好男人在线观看免费2019-精品国产91久久久久久久下载

Unraveling the emergence of collective learning in systems of coupled artificial neural networks is an endeavor with broader implications for physics, machine learning, neuroscience and society. Here we introduce a minimal model that condenses several recent decentralized algorithms by considering a competition between two terms: the local learning dynamics in the parameters of each neural network unit, and a diffusive coupling among units that tends to homogenize the parameters of the ensemble. We derive the coarse-grained behavior of our model via an effective theory for linear networks that we show is analogous to a deformed Ginzburg-Landau model with quenched disorder. This framework predicts (depth-dependent) disorder-order-disorder phase transitions in the parameters' solutions that reveal the onset of a collective learning phase, along with a depth-induced delay of the critical point and a robust shape of the microscopic learning path. We validate our theory in realistic ensembles of coupled nonlinear networks trained in the MNIST dataset under privacy constraints. Interestingly, experiments confirm that individual networks -- trained only with private data -- can fully generalize to unseen data classes when the collective learning phase emerges. Our work elucidates the physics of collective learning and contributes to the mechanistic interpretability of deep learning in decentralized settings.

相關內容

Learning

關注 12

可理解性 · MoDELS · Networking · Principle · Neural Networks ·

2023 年 12 月 6 日

A simple probabilistic neural network for machine understanding

Rongrong Xie,Matteo Marsili

from arxiv, 34 pages, 9 figures. Accepted in JSTAT

We discuss probabilistic neural networks with a fixed internal representation as models for machine understanding. Here understanding is intended as mapping data to an already existing representation which encodes an {\em a priori} organisation of the feature space. We derive the internal representation by requiring that it satisfies the principles of maximal relevance and of maximal ignorance about how different features are combined. We show that, when hidden units are binary variables, these two principles identify a unique model -- the Hierarchical Feature Model (HFM) -- which is fully solvable and provides a natural interpretation in terms of features. We argue that learning machines with this architecture enjoy a number of interesting properties, like the continuity of the representation with respect to changes in parameters and data, the possibility to control the level of compression and the ability to support functions that go beyond generalisation. We explore the behaviour of the model with extensive numerical experiments and argue that models where the internal representation is fixed reproduce a learning modality which is qualitatively different from that of traditional models such as Restricted Boltzmann Machines.

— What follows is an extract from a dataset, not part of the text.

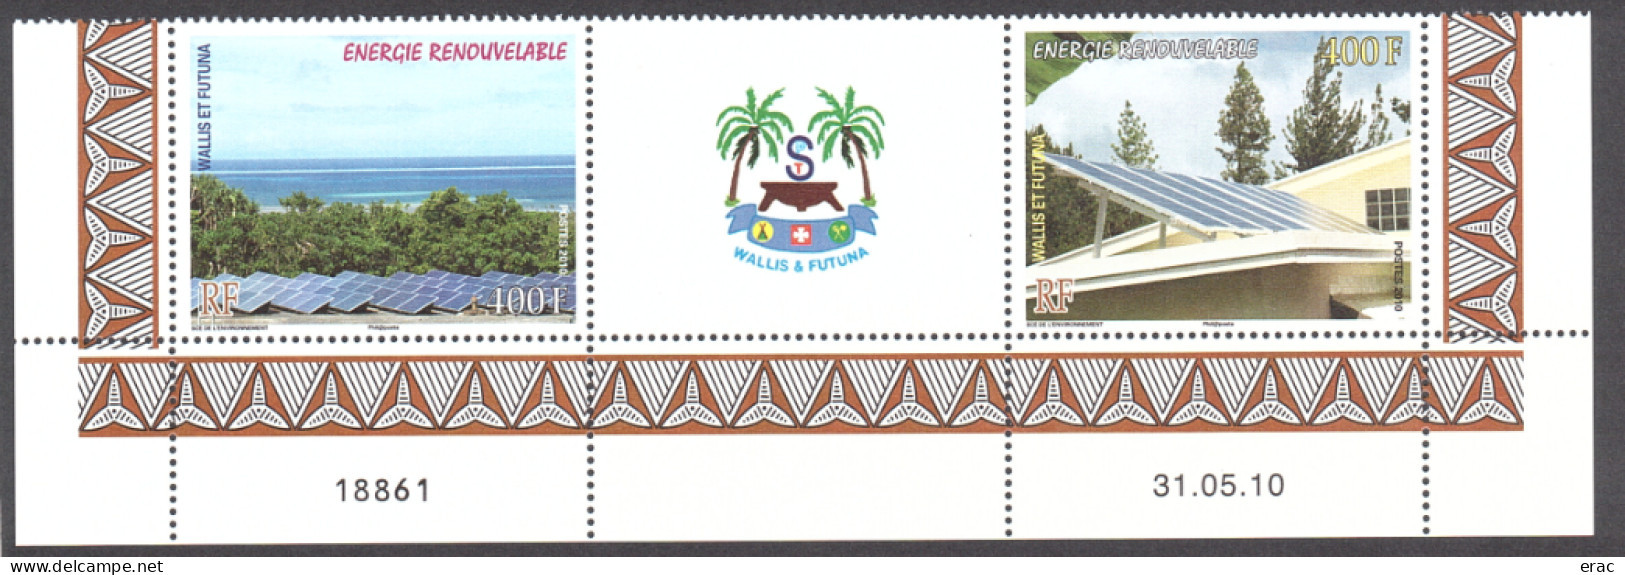 Wallis Et Futuna - 2010 - Bas De Feuille Daté Des N° 737 + 738 + Vignette Centrale - Neuf ** - Energie Renouvelable - Ungebraucht

簇 · 標準正態分布 · 圖 · INFORMS · 規范化的 ·

2023 年 12 月 5 日

Central limit theorem for the average closure coefficient

Mingao Yuan

Many real-world networks exhibit the phenomenon of edge clustering, which is typically measured by the average clustering coefficient. Recently, an alternative measure, the average closure coefficient, is proposed to quantify local clustering. It is shown that the average closure coefficient possesses a number of useful properties and can capture complementary information missed by the classical average clustering coefficient. In this paper, we study the asymptotic distribution of the average closure coefficient of a heterogeneous Erd\"{o}s-R\'{e}nyi random graph. We prove that the standardized average closure coefficient converges in distribution to the standard normal distribution. In the Erd\"{o}s-R\'{e}nyi random graph, the variance of the average closure coefficient exhibits the same phase transition phenomenon as the average clustering coefficient.

MoDELS · INFORMS · 判別器 · 情景 · GROUP ·

2023 年 12 月 2 日

When accurate prediction models yield harmful self-fulfilling prophecies

Wouter A. C. van Amsterdam,Nan van Geloven,Jesse Krijthe,Rajesh Ranganth,Giovanni Ciná

from arxiv, ML4H 2023 Findings Track

Prediction models are popular in medical research and practice. By predicting an outcome of interest for specific patients, these models may help inform difficult treatment decisions, and are often hailed as the poster children for personalized, data-driven healthcare. We show however, that using prediction models for decision making can lead to harmful decisions, even when the predictions exhibit good discrimination after deployment. These models are harmful self-fulfilling prophecies: their deployment harms a group of patients but the worse outcome of these patients does not invalidate the predictive power of the model. Our main result is a formal characterization of a set of such prediction models. Next we show that models that are well calibrated before} and after deployment are useless for decision making as they made no change in the data distribution. These results point to the need to revise standard practices for validation, deployment and evaluation of prediction models that are used in medical decisions.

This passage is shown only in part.